Cancer prevention starts on your dinner plate; actually it starts in the garden. Growing your own nutrient-rich cancer fighting vegetables allows you to grow pesticide-free vegetables, harvest them at their peak, and use them right away, insuring the highest nutrient value and best flavor. Then seal in those nutrients and cancer fighting enzymes by preparing your food in Saladmaster Cookware. The waterless cookware preserves the exquisite flavor, nutrients and cancer fighting substances in your homegrown vegetables.
Be sure to include some broccoli, cauliflower, Brussels sprouts, cabbage, kale, and turnip greens. These cruciferous vegetables release cancer fighting substances that help fend off lung, breast, liver, colon and prostate cancer. Three weekly servings of these vegetables can greatly reduce your cancer risk.

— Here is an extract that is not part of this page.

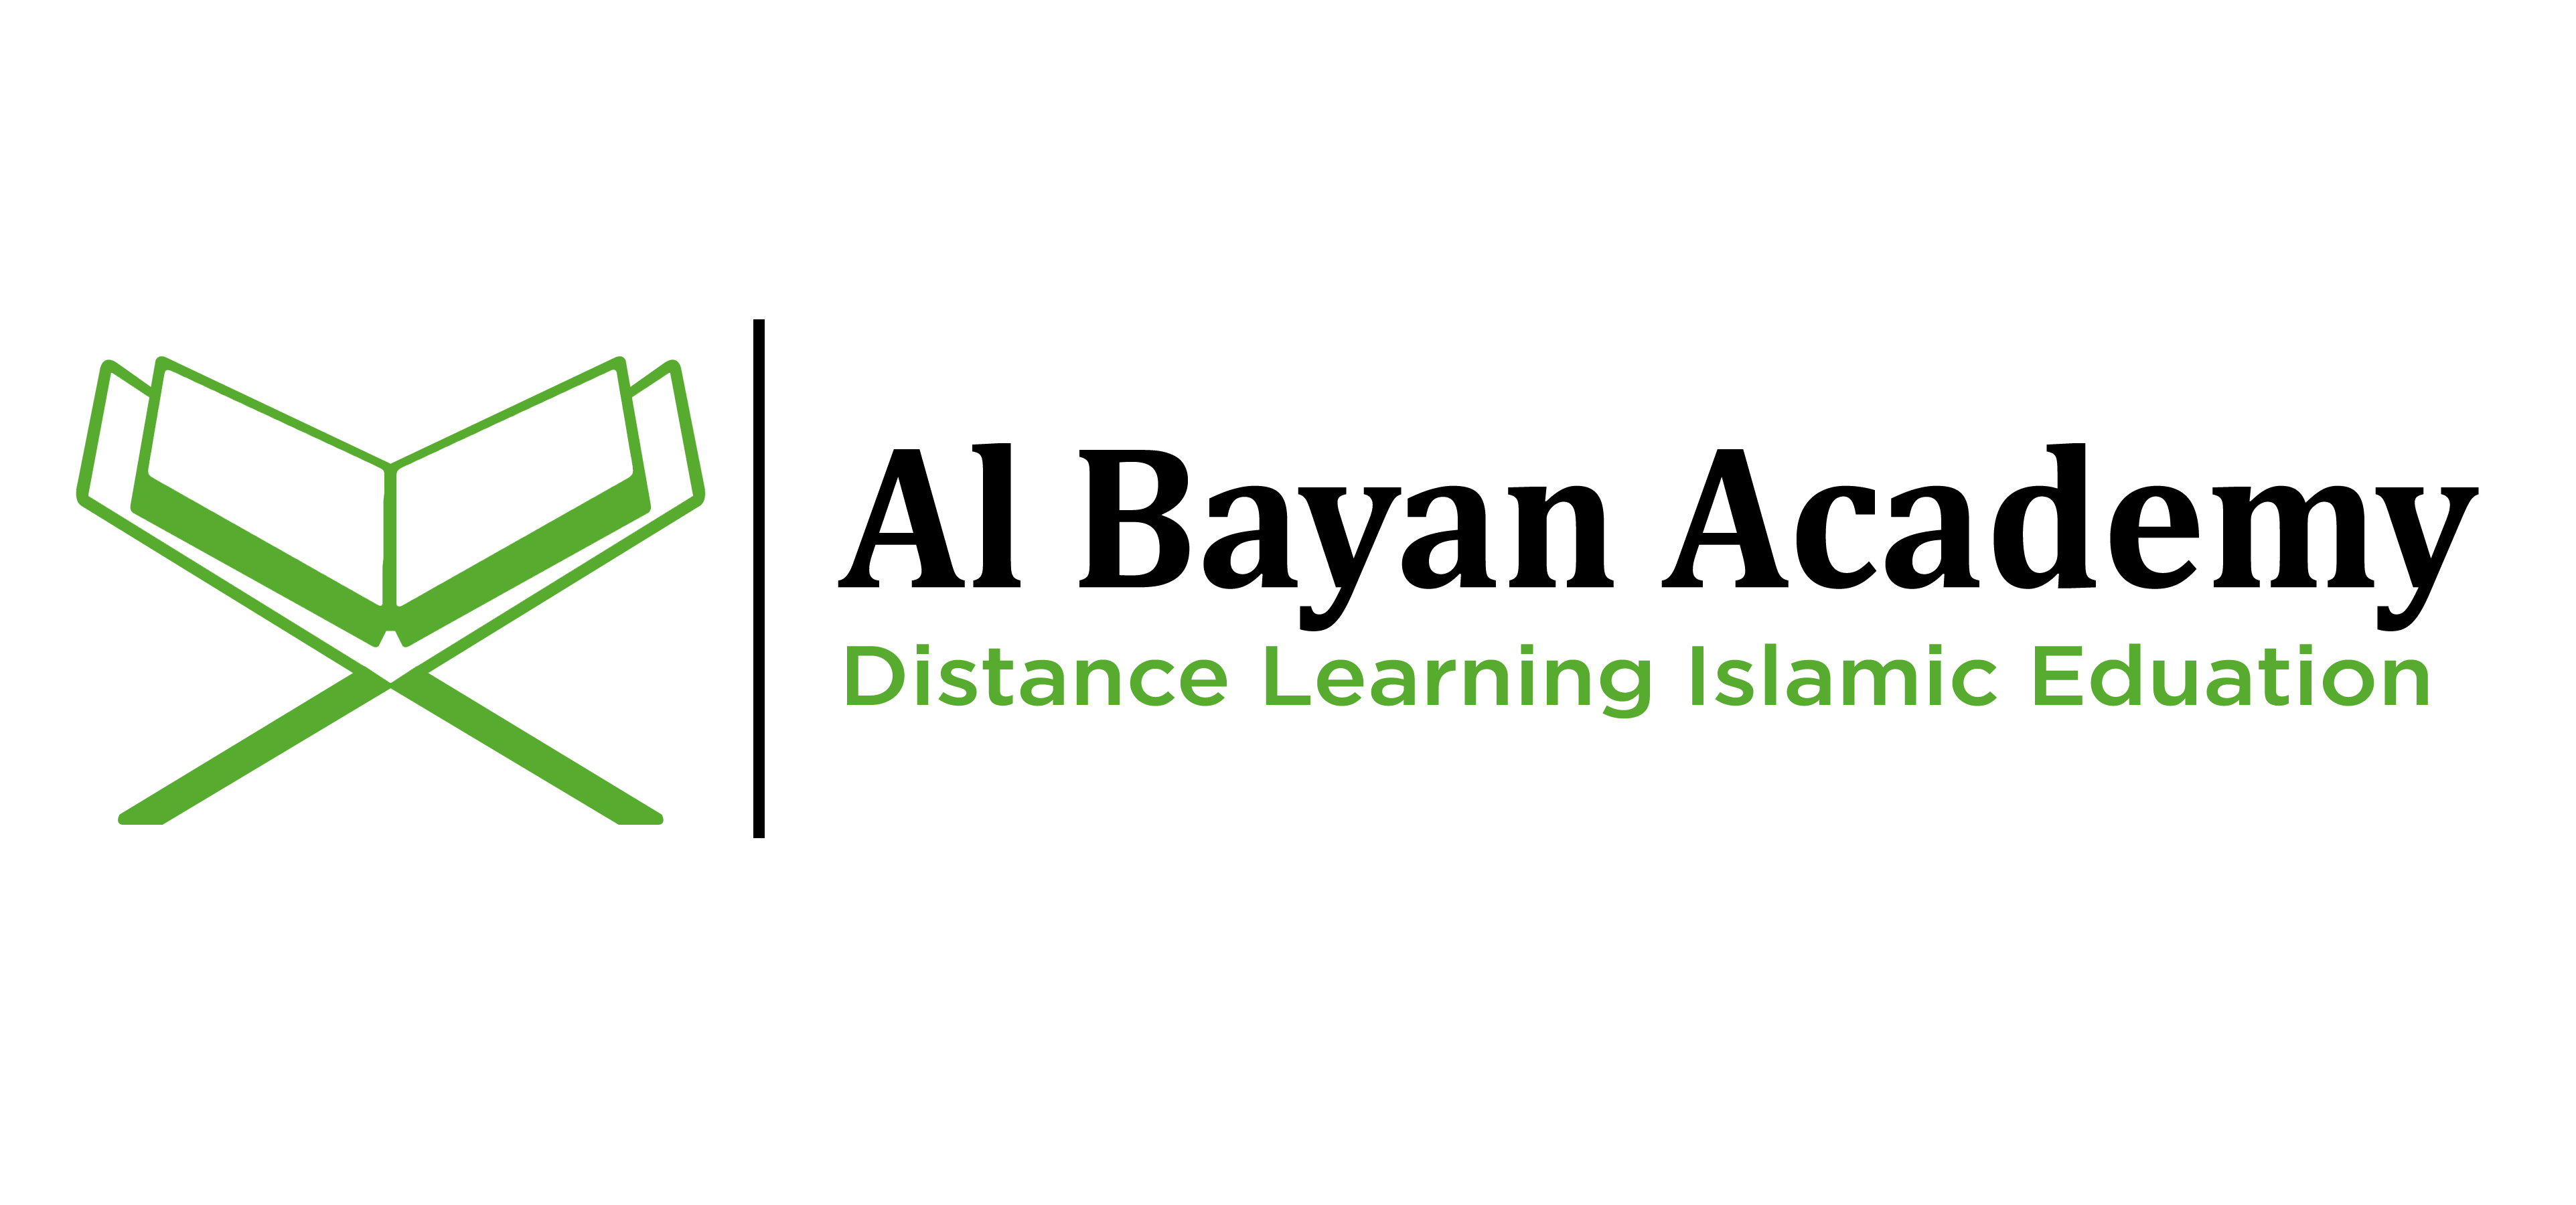 Al Bayan Academy – Distance Learning Islamic Education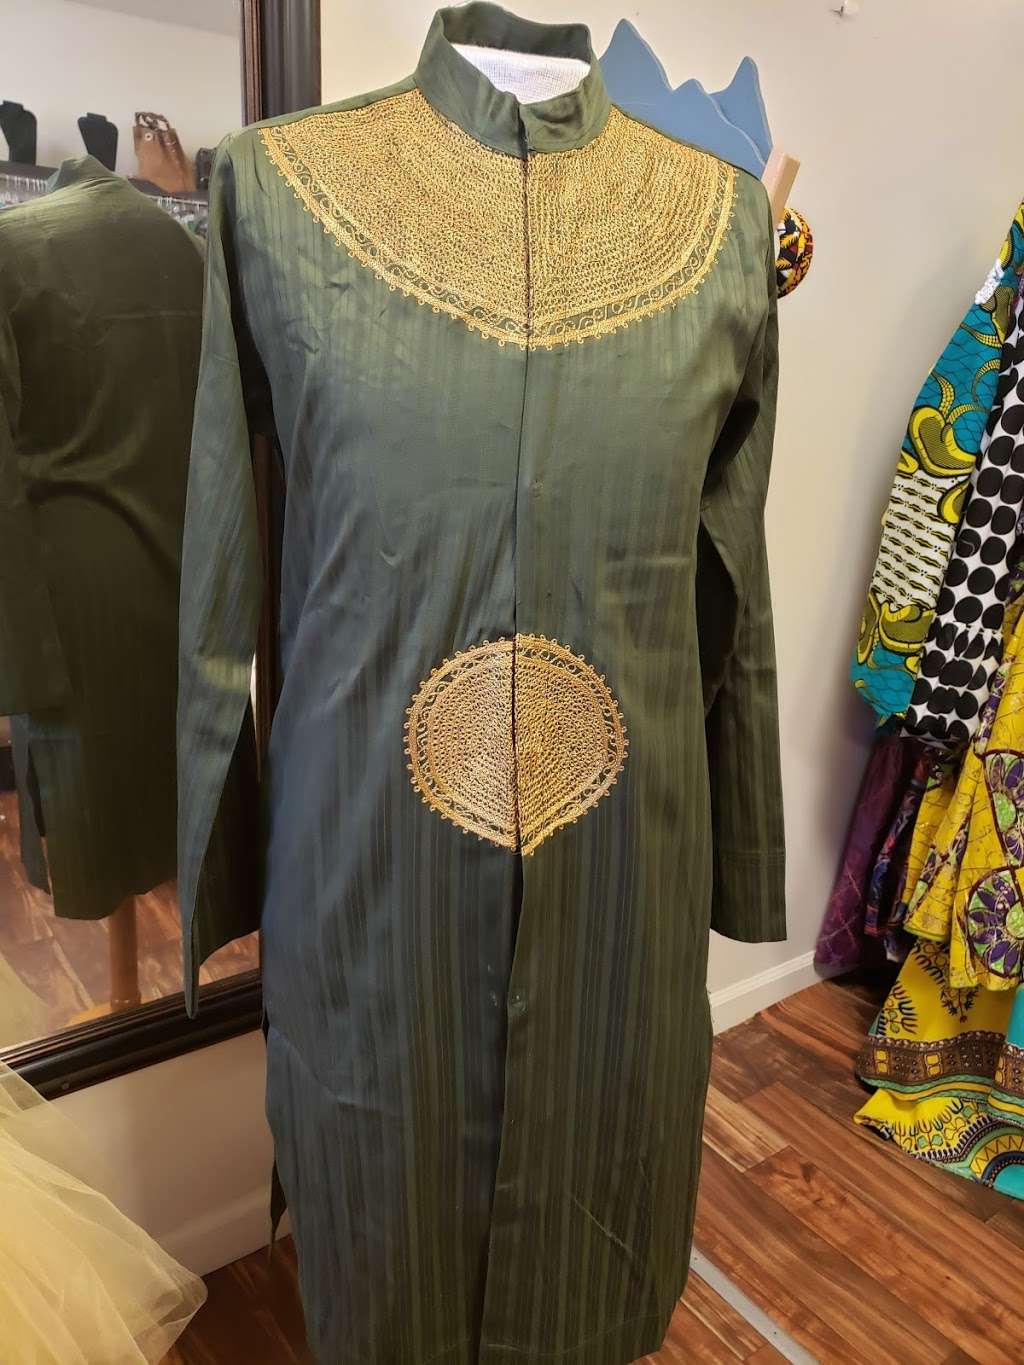 Koubix Fabrics & Ethnic Outfits | 1623 N Tryon St, Charlotte, NC 28206 | Phone: (980) 333-4462

Include these vegetables in your stir fries, as a side dish, as an appetizer or eat them fresh as a snack.
In the garden grow these cruciferous beauties during the cooler parts of your growing season. Their flavor will be at its peak. And don’t worry about frost; they can tolerate a light frost and, for some, their flavor even improves.
And if your space is limited, these plants can easily blend into your current garden space. The bold texture and form of red cabbage makes an eye-catching focal point. Turnips can easily be mixed with flowers or planted between longer season vegetables like tomatoes, peppers and cauliflower. Or mix some kale in with your pansies or mums or asters; the color and upright growth habit creates a nice vertical accent in the garden or containers.
Another popular vegetable that is a cancer-fighter, the tomato, can easily be grown on any size balcony or landscape. And nothing beats the flavor of fresh-from-the-garden tomatoes. Whether eaten fresh, juiced, sauced or added to your favorite dish, this lycopene vegetable (a powerful antioxidant) will help in the fight against cancer.
To grow tomatoes, all you need is a container of soil or a sunny spot in your landscape. Save space and reduce pest problems by growing these vines on a stake, in a tomato cage or supported by any decorative structure. I like to mix these colorful vegetables with my flowers. The orange, red and yellow fruit complements the yellows and golds of many marigolds, zinnias, calendula and nasturtium. Or combine them with blue and purple flowers like sweet alyssum, ageratum and petunias. Select a tomato variety suited to your growing conditions. Check the instruction tag to make sure you have enough warm frost-free days for the plant to grow and produce in your area.
So get busy growing and cooking your way to better health!